Легионы ворвались в Рим, не встречая препятствий. Не успели они пройти стадия, как перед ними появился Цезарь.
Лицо его было гневно. Он размахивал пурпурным плащом, который снял, услышав разъяренные голоса, и шел навстречу ветеранам в сопровождении Саллюстия, Мамурры и обоих Брутов (Антоний был в немилости).
— Воины, что вам нужно? — громко крикнул Цезарь, и ветераны остановились.
— Отставки! — загремели легионы.
— Хорошо, вы свободны…
Ветераны молча опустили головы. Они ожидали, что Цезарь, не могший обойтись без них, будет упрашивать, быть может, даже умолять, а он не дорожит ими и отпускает как воинов, которых легко заменить другими.
— Квириты, — сказал Цезарь, не называя их уже коллегами, — вы требовали земель и подарков, и вы получите их, но не раньше того дня, когда я буду идти в триумфе с другими войсками…
В задних рядах возник едва уловимый ропот и покатился, ширясь и нарастая, к передним рядам. Но не подняли голов седые ветераны, с подстриженными бородами и бронзовыми лицами, общий крик, похожий на стон, огласил улицы:
— Прости, император! Виноваты!
— Не позорь нас отставкою!
— Хотим называться «воинами Цезаря»!
— Воевать с тобою!
— Умереть под твоими знаменами!
Крики превращались в бурю голосов. Цезарь не разбирал уже слов — видел только преданные лица, детски-виноватые глаза, слезы на обветренных лицах… Ветераны расстроили ряды и, окружив его, целовали руки и плечи, умоляя о прощении.
— Прости, император, прости! — гремели улицы. Но Цезарь молчал, сурово сдвинув брови.
И опять они умоляли его, опять обещали умереть, если он прикажет.
— Накажи нас, — кричали ветераны, — наложи какое угодно взыскание, и мы с радостью подчинимся!

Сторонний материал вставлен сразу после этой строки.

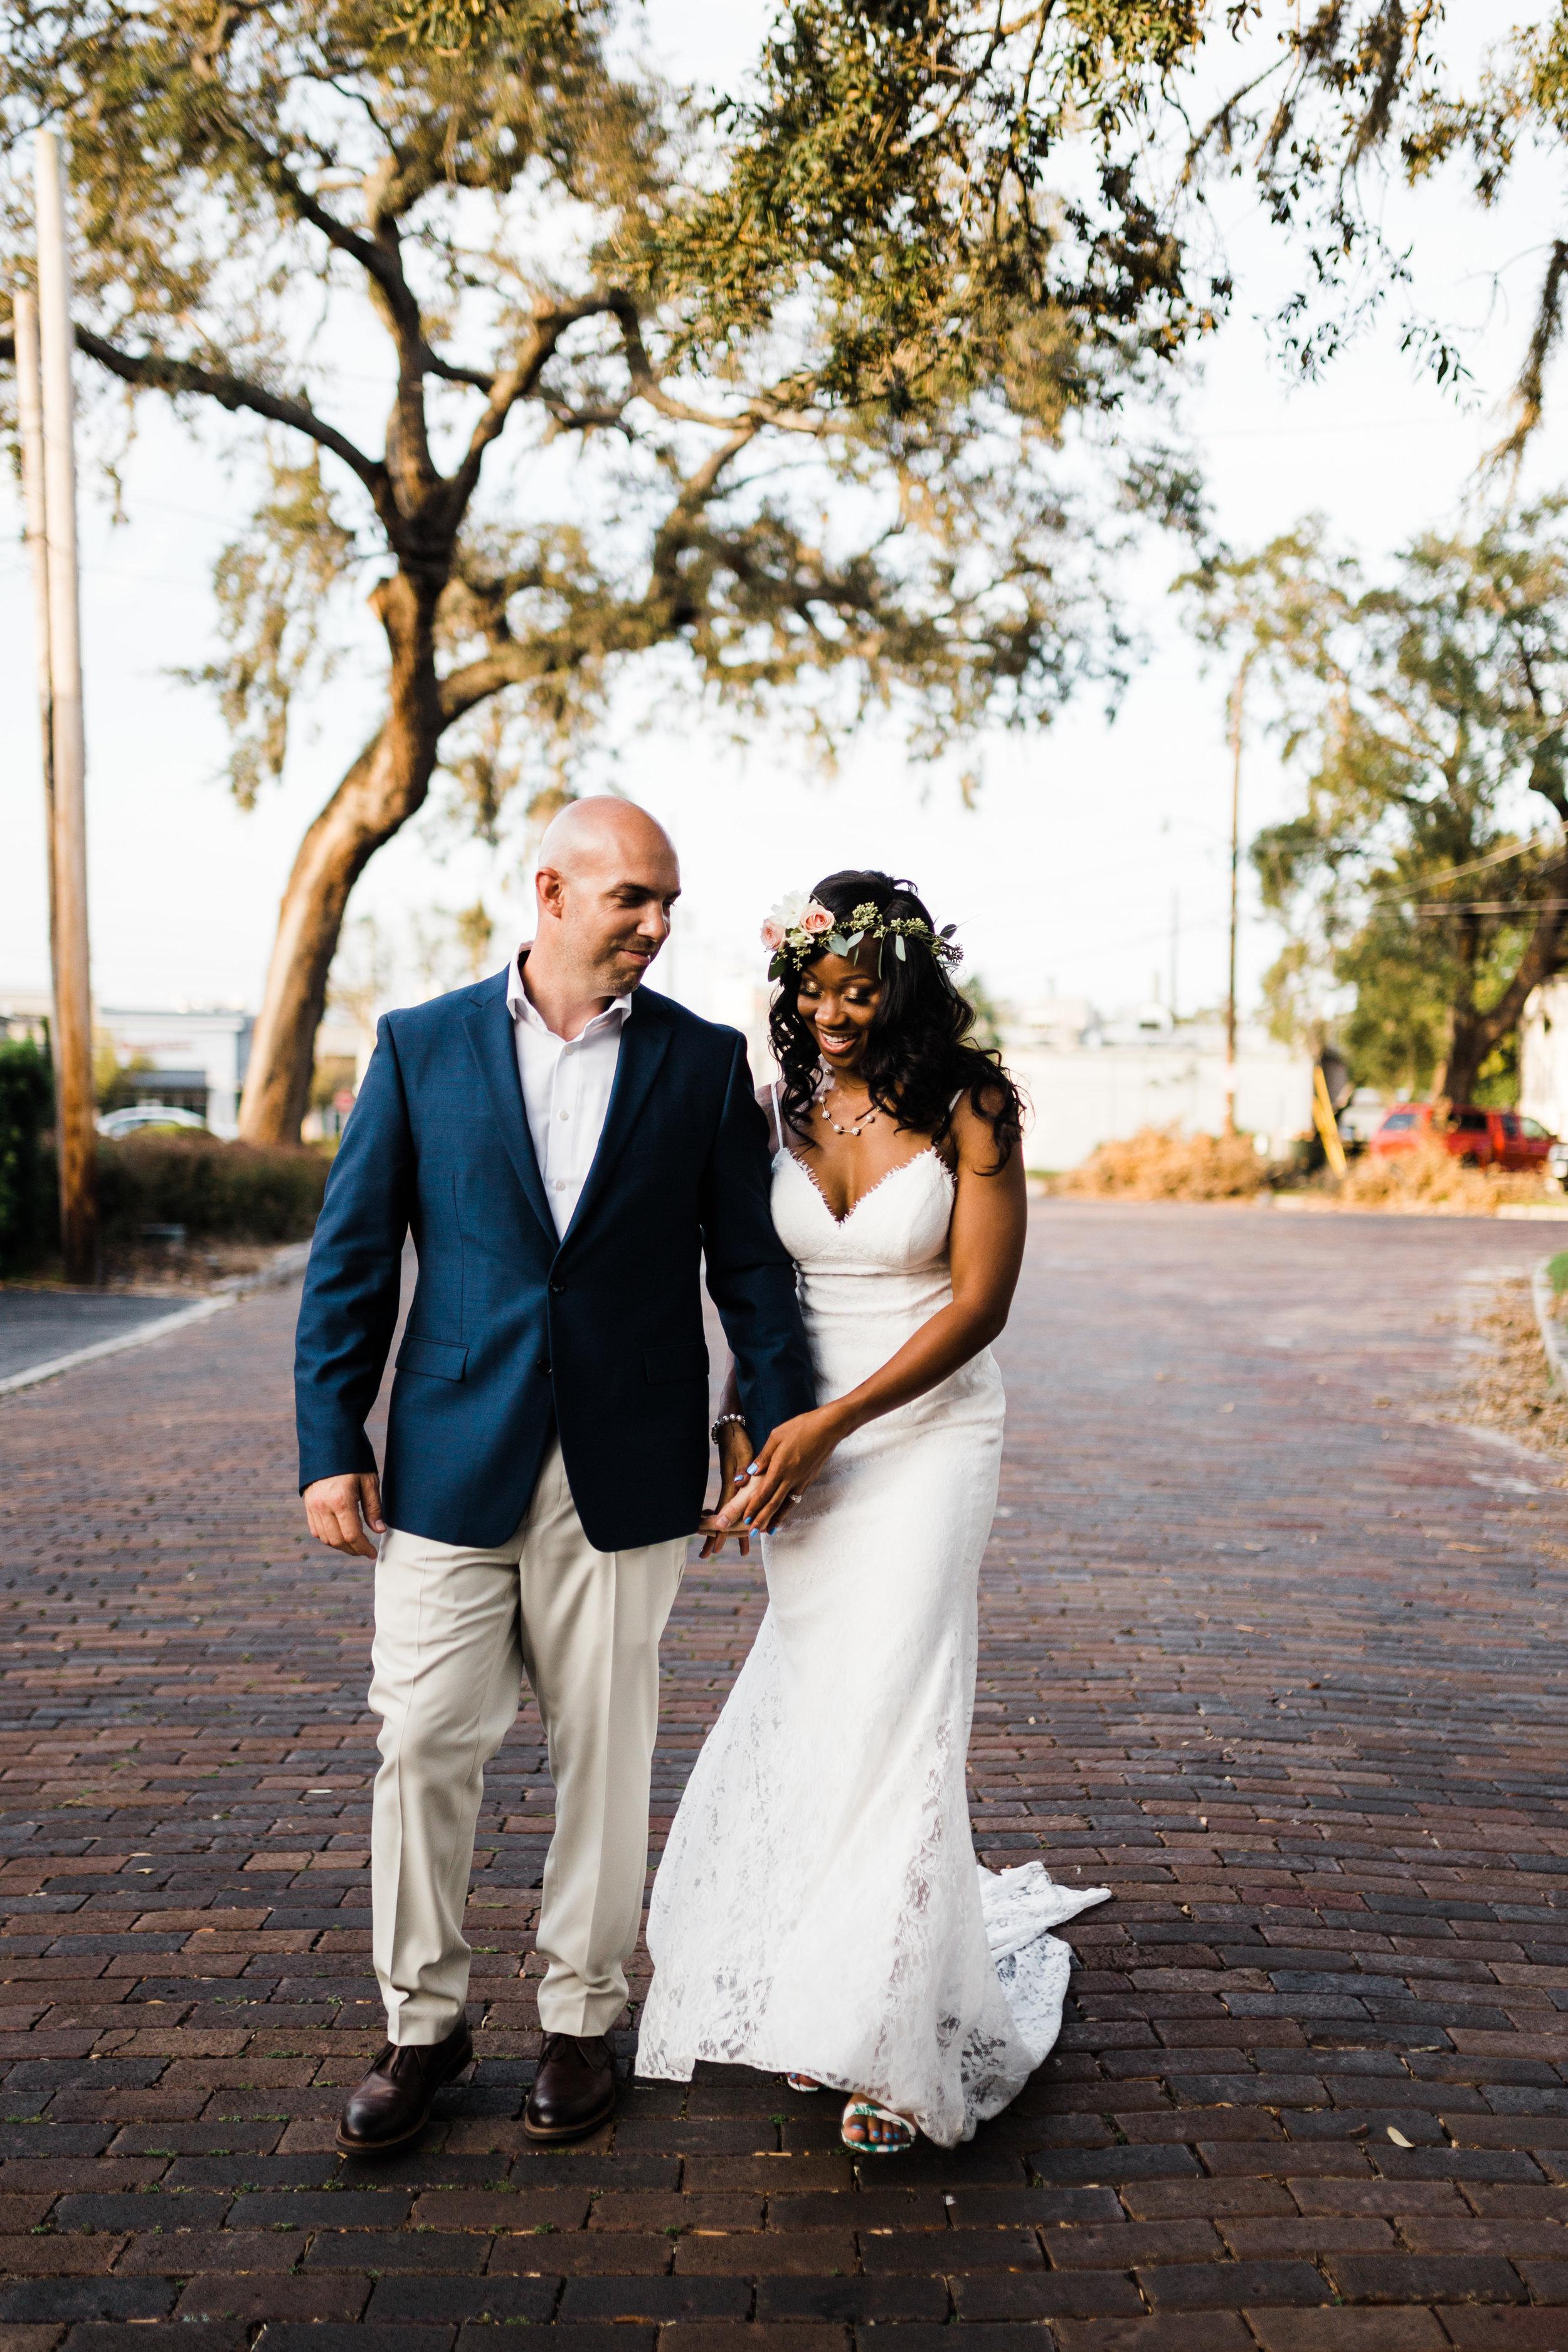 2017.09.16 Ashley and Chuck O'Day Quantam Leap Winery Wedding (406 of 462).jpg

— Вспомни, император, Алезию, Рубикон, Корфиний! Вспомни Фарсалу, где мы разбили Помпея! Разве мы не сражались за тебя, нашего бога и царя?
«Царя!»
Это магическое слово разгладило морщины на лбу Цезаря… Он взглянул в преданные лица своих боевых товарищей и сказал:
— Коллеги, я готов вас простить, если вы поклянетесь, что никогда больше неповиновение не омрачит вашего рассудка!
— Клянемся, клянемся!
— Марсом, Беллоной!
— Юпитером! Цезарь продолжал:
— Но кто ответит за убийство трибунов, за покушение на Саллюстия, за грабежи по дороге в Рим? Кто? Вы, только вы! И я, ваш император, должен вас наказать по закону: ваши триумфальные награды будут уменьшены на одну треть!
Обрадованные прощением, легионарии кричали:
— Воля твоя, император!
— Мы покажем в боях свою доблесть! Полководец взмахнул плащом.
— Коллеги, завтра на рассвете в путь… Мы идем в Африку — бить помпеянцев!
Слышал ропот оптиматов, видел злые бледные лица, но, казалось, не замечал.
Он возвратился домой, провожаемый толпами народа, а вечером Мамурра докладывал:
— Нобили кричат, что ты, Цезарь, стал тираном, что мстишь раскаявшимся помпеянцам: ведь многие из них ожидали получить наследство погибших… Антоний оспаривает у всадников дворец Помпея и угрожает занять его вооруженной силою… Отмени, Цезарь, публичную продажу, иначе прольется кровь…
— Чья кровь? Моих врагов? Пусть льется, Мамурра, пусть льется! А постановления Цезаря не подлежат отмене.
Спустя несколько дней, председательствуя на выборах магистратов, он распределял должности и пропретуры между своими сторонниками и способствовал избранию консулами Ватиния и Калена до окончания этого года, а себя и Лепида на следующий год.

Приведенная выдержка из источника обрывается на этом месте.